Have you any suggestion on how to implement collisions with other objects, such as cube, torus, or a cone…? I would appreciate that.
Have a nice day!
Jesper Mosegaard
Aug 3, 2017
You should have a look at literature or introduction to collision handling, those cases are also described
Saman
Jul 28, 2017
Hi, such a great job, thanks Jasper.
Although it is an old source code, I could manage to make it works. It seems that you haven’t written the code based on shaders (to speed up the code using GPU). It would be a good practice for everyone to rewrite the code using the modern OpenGL and its shading language. I really liked the idea of doing everything from the pure code, e.g. adding a texture to the cloth!
Jesper Mosegaard
Aug 3, 2017
Thank you so much.

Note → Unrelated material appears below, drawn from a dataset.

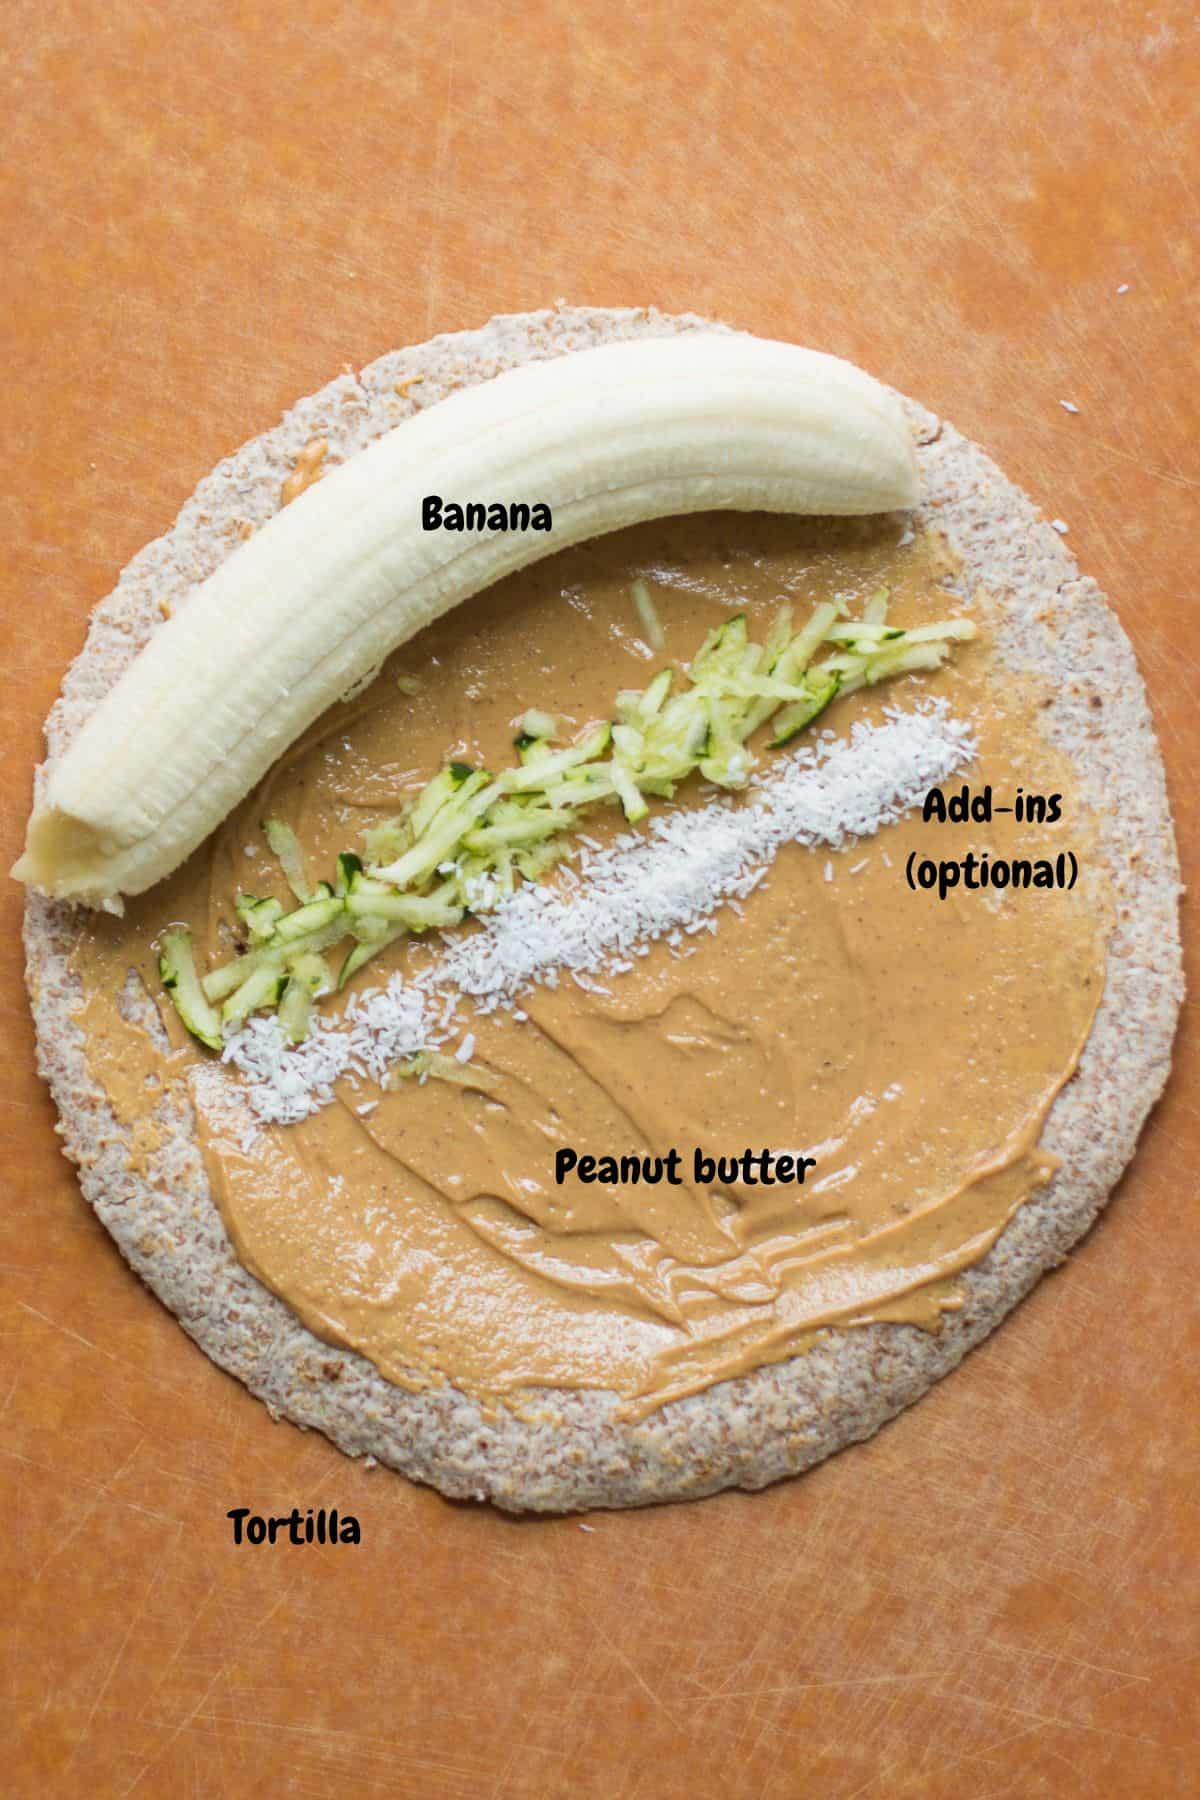 Peanut butter spread onto tortilla with banana, carrots, and coconut flakes.

And you are right, the code is before moderne OpenGL. Perhaps one day I should make a WebGL version for easy accessibility 😉 Regards. Jesper
David Escobar Castillejos
Oct 10, 2018
Thanks for the great tutorial Jesper. I would like to know if you could give some advices about how to scalete the concepts and coding you developed but with 3d models. I’m really interested in learning how to apply this tutorial to them (as you did with you surgery simulator). Sincerely, David.
sharun
Aug 8, 2017
really nice turorial
Organism Documentation – Allan's Research Blog
Feb 13, 2018
[…] I’ve completed the code that generates nodes and binds them together via muscles or “constraints”. The code that runs the physics simulation is adapted from a cloth simulation program written in C++ provided by Jesper Mosegaard at https://viscomp.alexandra.dk/?p=147. […]
Victor
Apr 16, 2018
Thanks! I was wondering how to apply forces as vec3
Sotiris Salloumis
Jul 21, 2018
Thanks for sharing, well written tutorial and source code of excellent quality ! Worked fine also on Mac OS. Congrats keep up sharing !
Javier corra
Nov 6, 2018
Thank you for this great article!!, I just found an implementation of this in the ThreeJS library and I thought it would be impossible for me to understand the inner workings but I got it thanks to you!
Marcio Barcellos
Jul 9, 2019
Thank you for sharing!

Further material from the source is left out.